Déjà affectée par la prolongation des vacances (écoles et cantines fermées), la consommation de produits laitiers subit maintenant les mesures de confinement dans certaines zones, les sorties limitées des habitants dans le reste du pays et le nombre réduit de touristes et d’hommes d’affaires. Si les achats des ménages, sur internet et dans les magasins seraient peu impactés, la demande dans les hôtels et restaurants serait en fort repli. Compte tenu de cette baisse de consommation, le lait collecté est souvent transformé en produits stockables (lait UHT, poudres) par les transformateurs dont certains ont déjà annoncé des baisses de prix payé au producteur.

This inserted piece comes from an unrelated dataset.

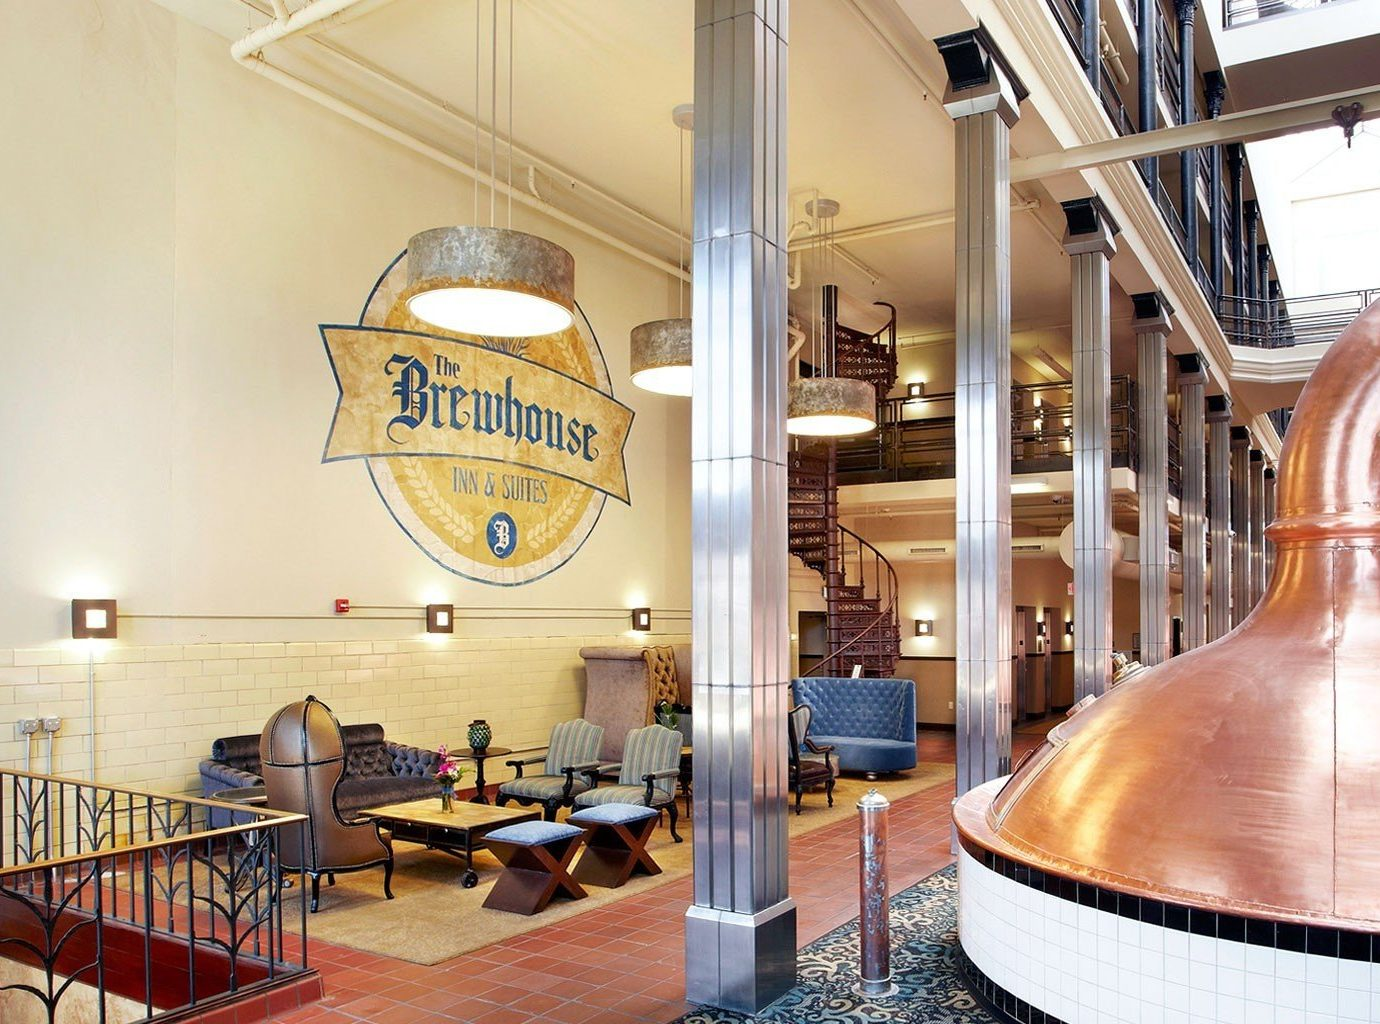 Food + Drink indoor chair building restaurant interior design tourist attraction Lobby furniture

Ce recul de la demande en Chine, pourrait, s’il se prolonge, affecter les importations de produits laitiers, notamment ceux utilisés dans la restauration hors-domicile. Mais, d’un autre côté, compte tenu des difficultés pour fournir un certain nombre de produits à travers la production nationale, le gouvernement chinois a annoncé vouloir faciliter les importations de produits alimentaires pour approvisionner le pays.

Les premières conséquences de cette crise, et les incertitudes sur sa durée et son ampleur, ont été visibles lors de la dernière enchère sur la plateforme Global Dairy Trade : le 4 février 2020  le prix moyen des transactions, tous produits et échéances confondus, a baissé de 4,7% en deux semaines.